OK. Apparently it takes the average voter at least 3 hours to participate. Wha? Sounds like voting in ANY election in Denver. I digress. Anyway. You show up to your voting neighborhood area and show your support for your candidate by standing in a section of the room assigned to your candidate. Sounds like a high school student council deal to me. I can picture poster board, glitter and markers "Vote for HILLARY for 2008 Prom Queen. Anyway. Everyone can see WHO you support. Much different from a voting ballot box where your pick is private. Anyway. After a while, it is determined if your candidate is "viable" for your voting area. Which means...does your candidate have enough support to be one of the top 2 candidates for that party? If yes, VIABLE. If not, no....move on...find a new candidate to support. Say for example, you are for Edwards. After showing your support for Edwards, if he is not a "viable" candidate for that area...which means he doesn't have enough support by other voters...then you will be approached by the other candidate's supporters for your support of their candidate. "Hey Joe-Voter, I know you like Edwards, however, Hillary believes this-that-and-the-other issues the same. Come join our side." Seems like a sick game of playground rules to me. Should be interesting thing to watch tomorrow. I am an avid voter...but just NOW learned more about the process. Interesting.

Tuesday, January 01, 2008

Watch our stuff....(wave)...thanks!


NYE was a blast. We started at Todd's friend's house. Fun. Good times. Tons of ankle bitters running about fueled by sugar and carbs. Everyone was very interested in our wedding plans and I really like Todd's friends. All good people. The party at the hotel did not disappoint. It was fun to hang with Paul & Sharon & Sara & Fizz. We danced and partied into the new year. Cheers to you all my naughty monkeys (a la Craig Ferguson...ha). Here's my favorite picture from the night. Self portrait of our New Years KISS!
So here's a story for ya. We got to the hotel party a little early and stood in line for the doors to open. We were able to score a table. Since it was just the 2 of us at the time...and it was a table for 8...I kept inviting couples to sit down with us. The scene was the same each time. A couple standing by the doors with a drink and a full plate of food scanning the room looking for a place to sit and eat. I would wave 'em in and ask them to join us. Met some great people. The first couple was interesting. They were in their 40's...dating...not married. The woman runs a company for thank you cards. She has created a software that people may use to type up their "thank you" cards, and the software will print them up in YOUR handwritting. I didn't completely grasp what she was saying...it was loud. Anyway.

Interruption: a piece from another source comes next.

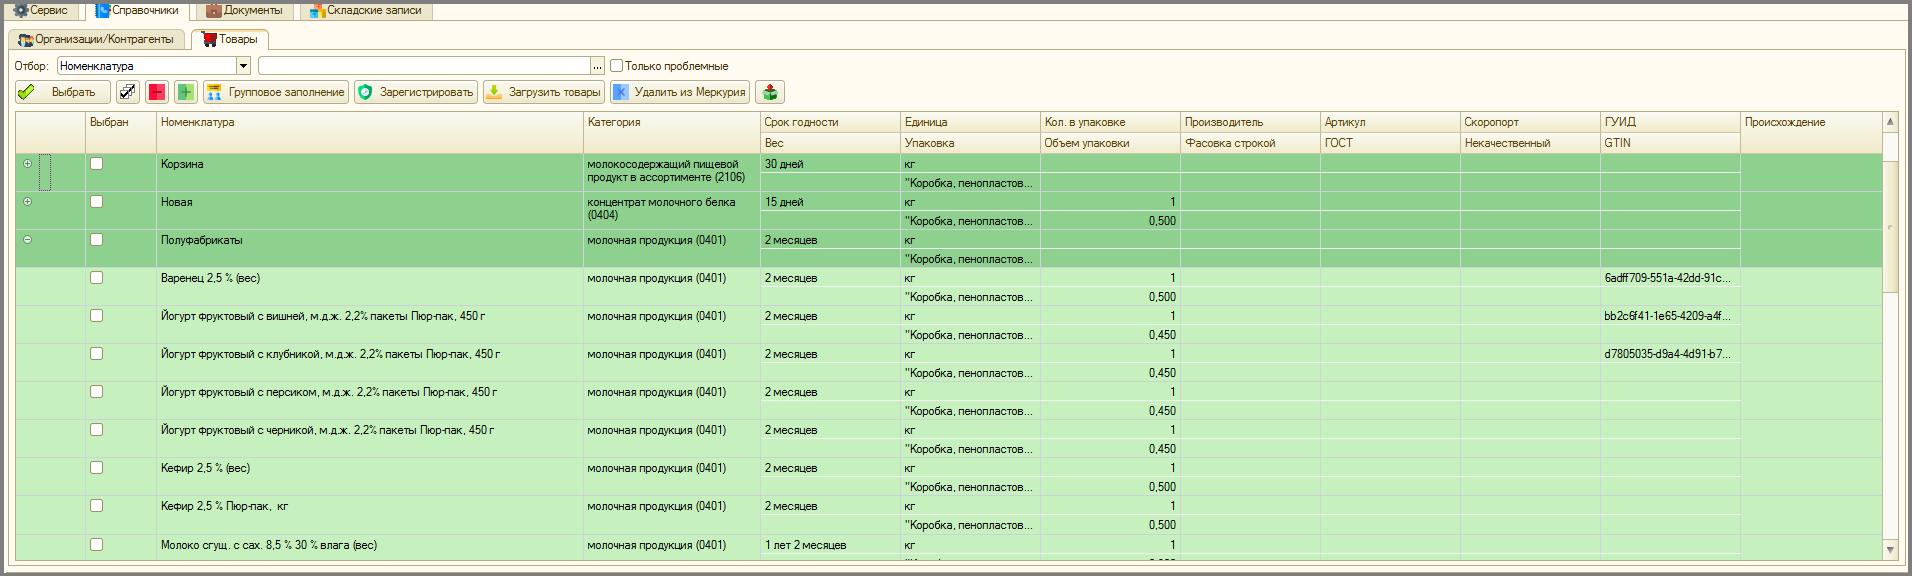 3. Пример раздела 'Справочники' в подразделе 'Товары' (для сопоставления номенклатуры и регистрации продукции производителями)

They announced that they were going to go grab their jackets to head outside to watch the fireworks show at 9 pm. They are walking towards the door and turn to say goodbye. I glance up and wave. She says, "Watch our stuff (wave) thanks!" Wha? She had left her purse and he had left his tuxedo jacket. WTF? We JUST met these people and they expect me to sit at this table and watch their crap while they go watch a fireworks show. Hell and no. OK OK...if you know me...you KNOW that we watched their crap. But STILL. I am a sucker. Ha. I am always entertained by people. Happy New Year!